Watches: per-step reward variance (and, optionally, the per-sample reward distribution). Failure mode: the policy has discovered an adversarial way to game the reward function. This typically manifests as either (a) reward variance suddenly exploding because some samples are exploiting the hack and others aren't, or (b) the reward distribution becoming bimodal — two clusters, one of "normal" rewards and one of "hacked" rewards.

How it fires

Two parallel checks every step:

  1. Variance explosion. Establishes a baseline variance from the first 20 post-warmup steps and freezes it. When the current variance exceeds variance_multiplier × baseline_variance, fires a warning. When it exceeds 2 × variance_multiplier × baseline, fires a critical.

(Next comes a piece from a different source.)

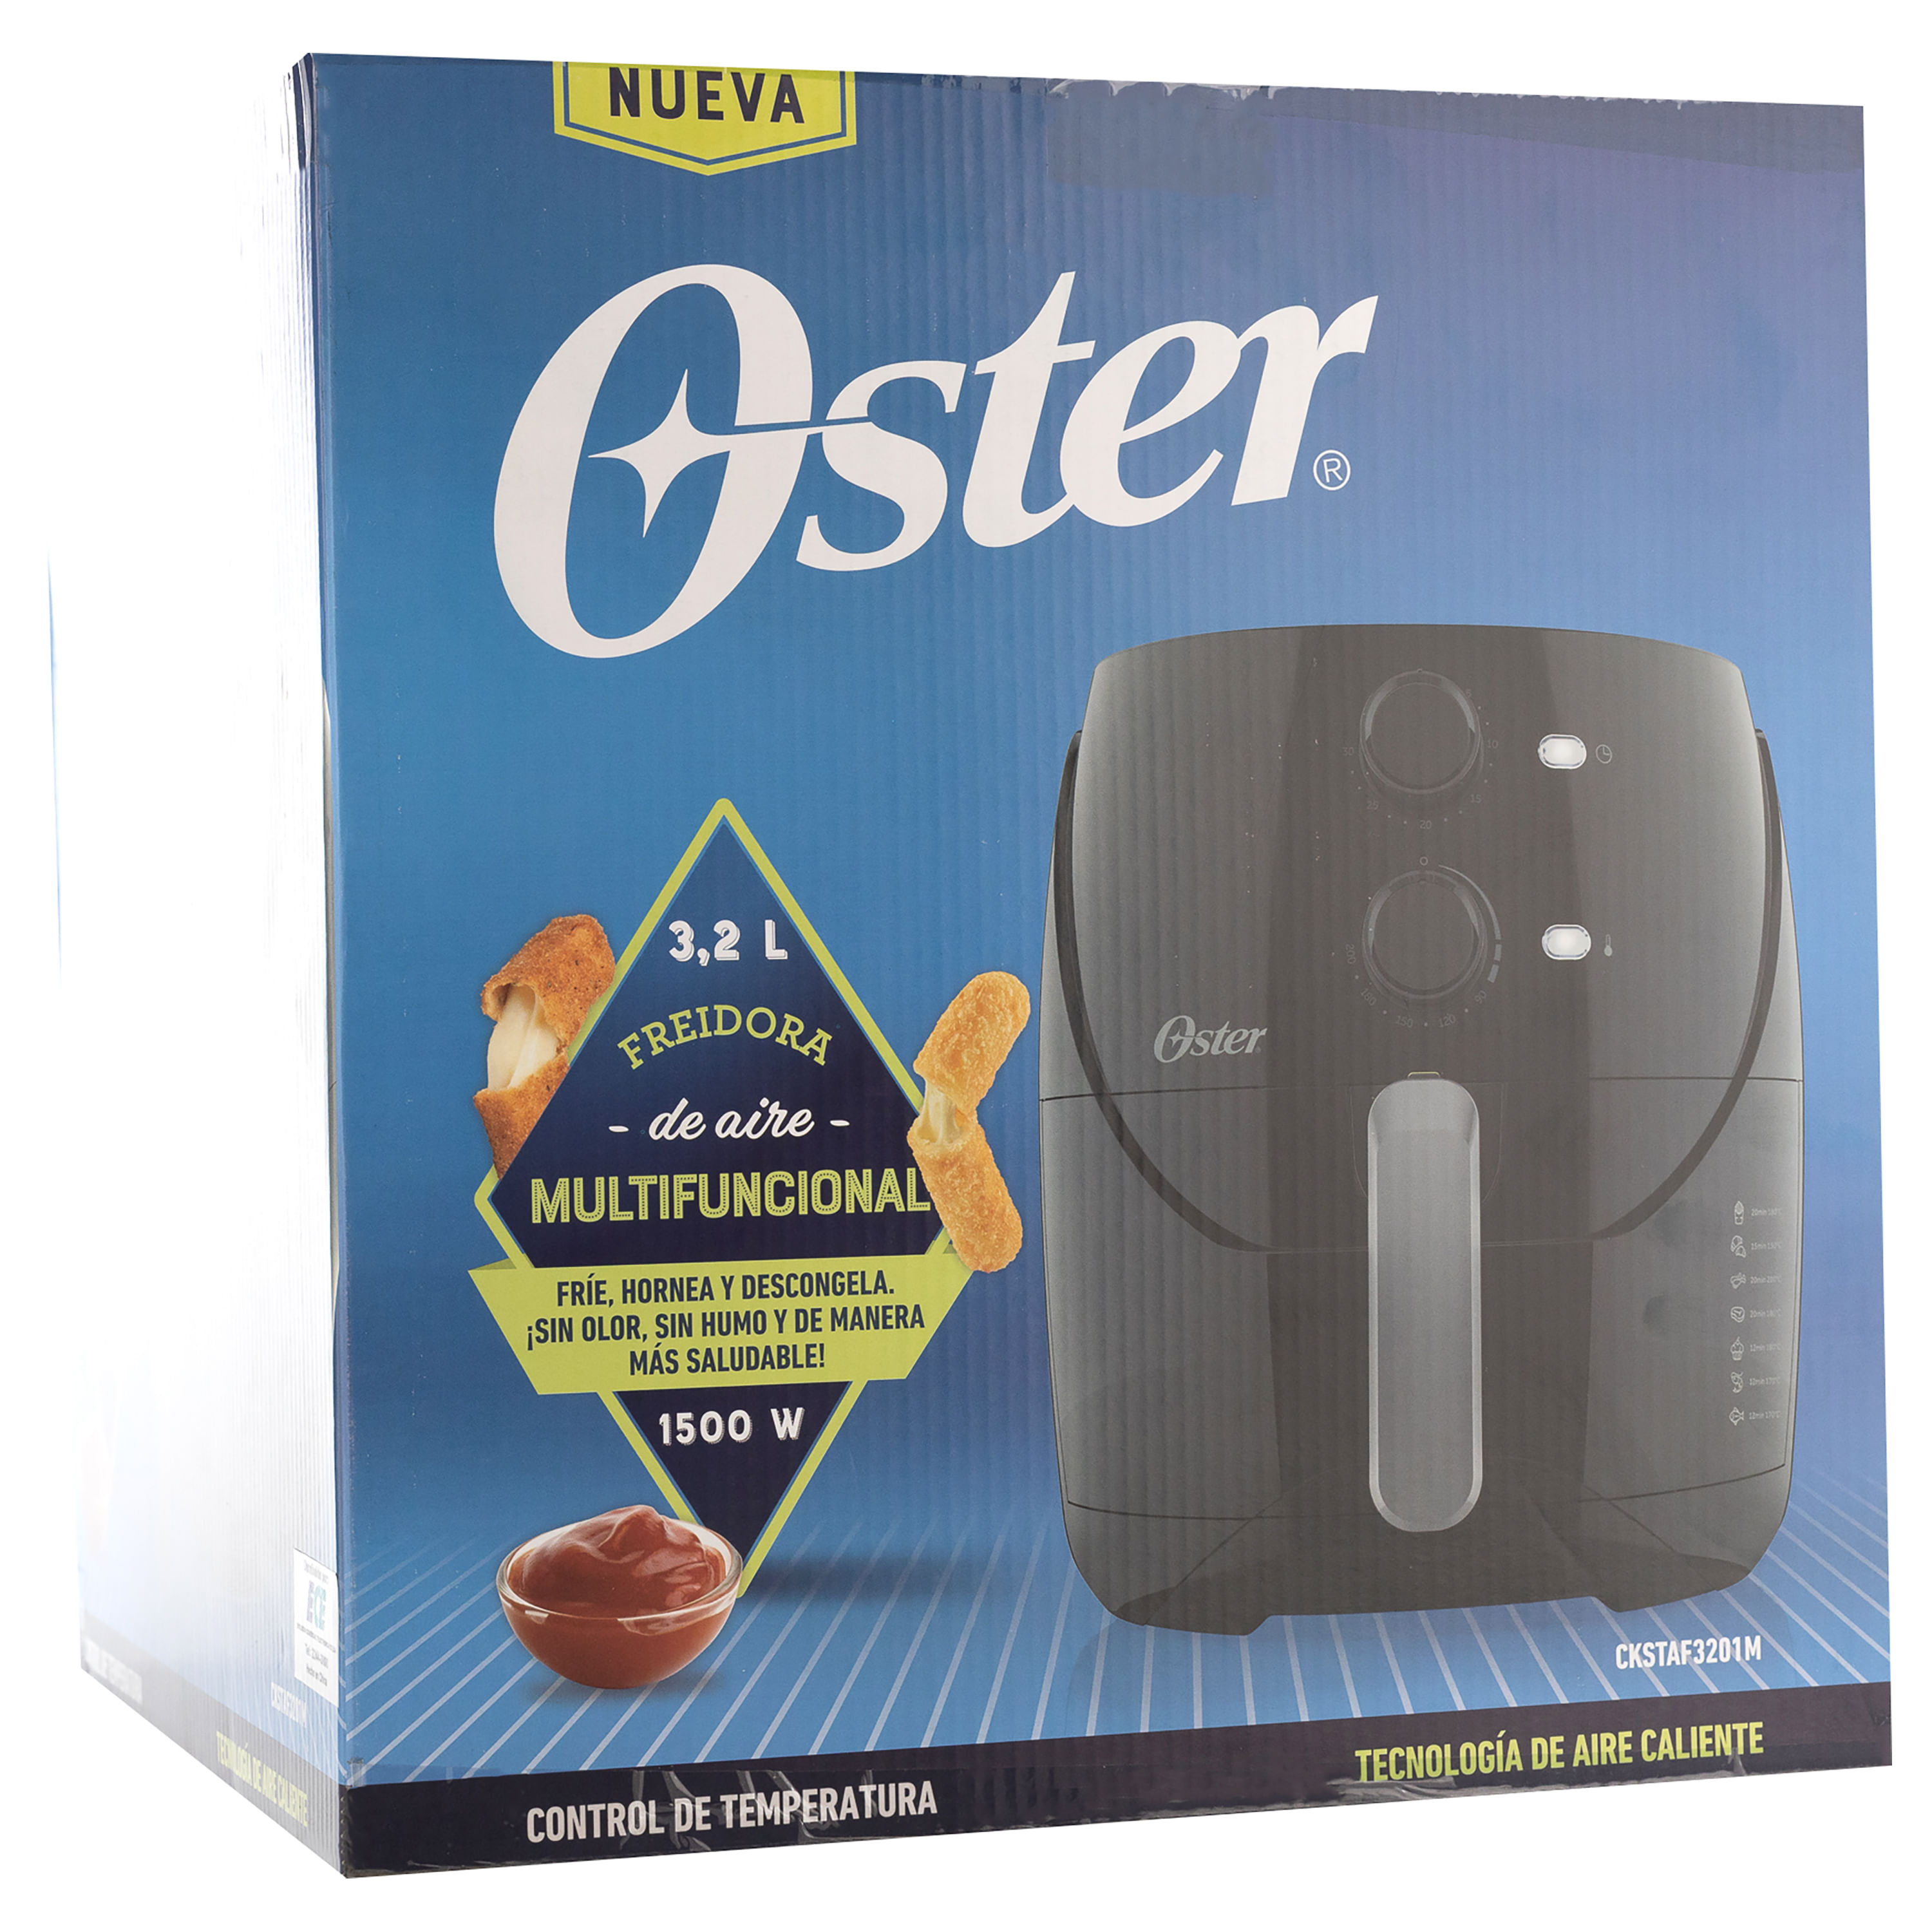 Freidora de aire Oster® multifuncional de 3.2 litros CKSTAF3201M 120V -  Oster

  2. Bimodal distribution. If you pass rewards=ndarray to log_step (so the detector can see individual sample rewards, not just the std), it accumulates them in a buffer of up to 200 samples and runs Hartigan's dip test for unimodality. When the dip test p-value is below dip_test_significance, fires a warning.

The dip test uses the real diptest package when installed (pip install "rlwatch[monitoring]"), which provides the actual Hartigan algorithm with precomputed critical-value tables. When diptest isn't installed, it falls back to a simplified home-rolled approximation that is good enough for strongly bimodal distributions but unreliable for borderline cases. The variance explosion check is the primary signal in practice; the bimodal check is complementary.

Configuration

reward_hacking:
  enabled: true
  variance_multiplier: 3.0     # warning at 3x baseline, critical at 6x
  dip_test_significance: 0.05  # Hartigan dip test p-value threshold
  baseline_window: 100         # rolling buffer for variance history
  warmup_steps: 50             # longer warmup — reward variance is noisy early

When to tune it

  • Higher variance_multiplier if your reward function is intrinsically high-variance (e.g., a sparse 0/1 reward where any per-step variation looks like a 5x change).
  • Lower dip_test_significance (0.01 or 0.001) for very strict bimodal detection. The simplified implementation is conservative; lower thresholds mean fewer false positives but also fewer true positives.
  • Longer baseline_window if your baseline period is too noisy with the default of 100 steps.

How to feed the dip test

Pass a numpy array to log_step:

monitor.log_step(
    step,
    rewards=per_sample_rewards,  # numpy array
    # ... other metrics ...
)

If you pass reward_std instead, only the variance explosion check runs (no dip test).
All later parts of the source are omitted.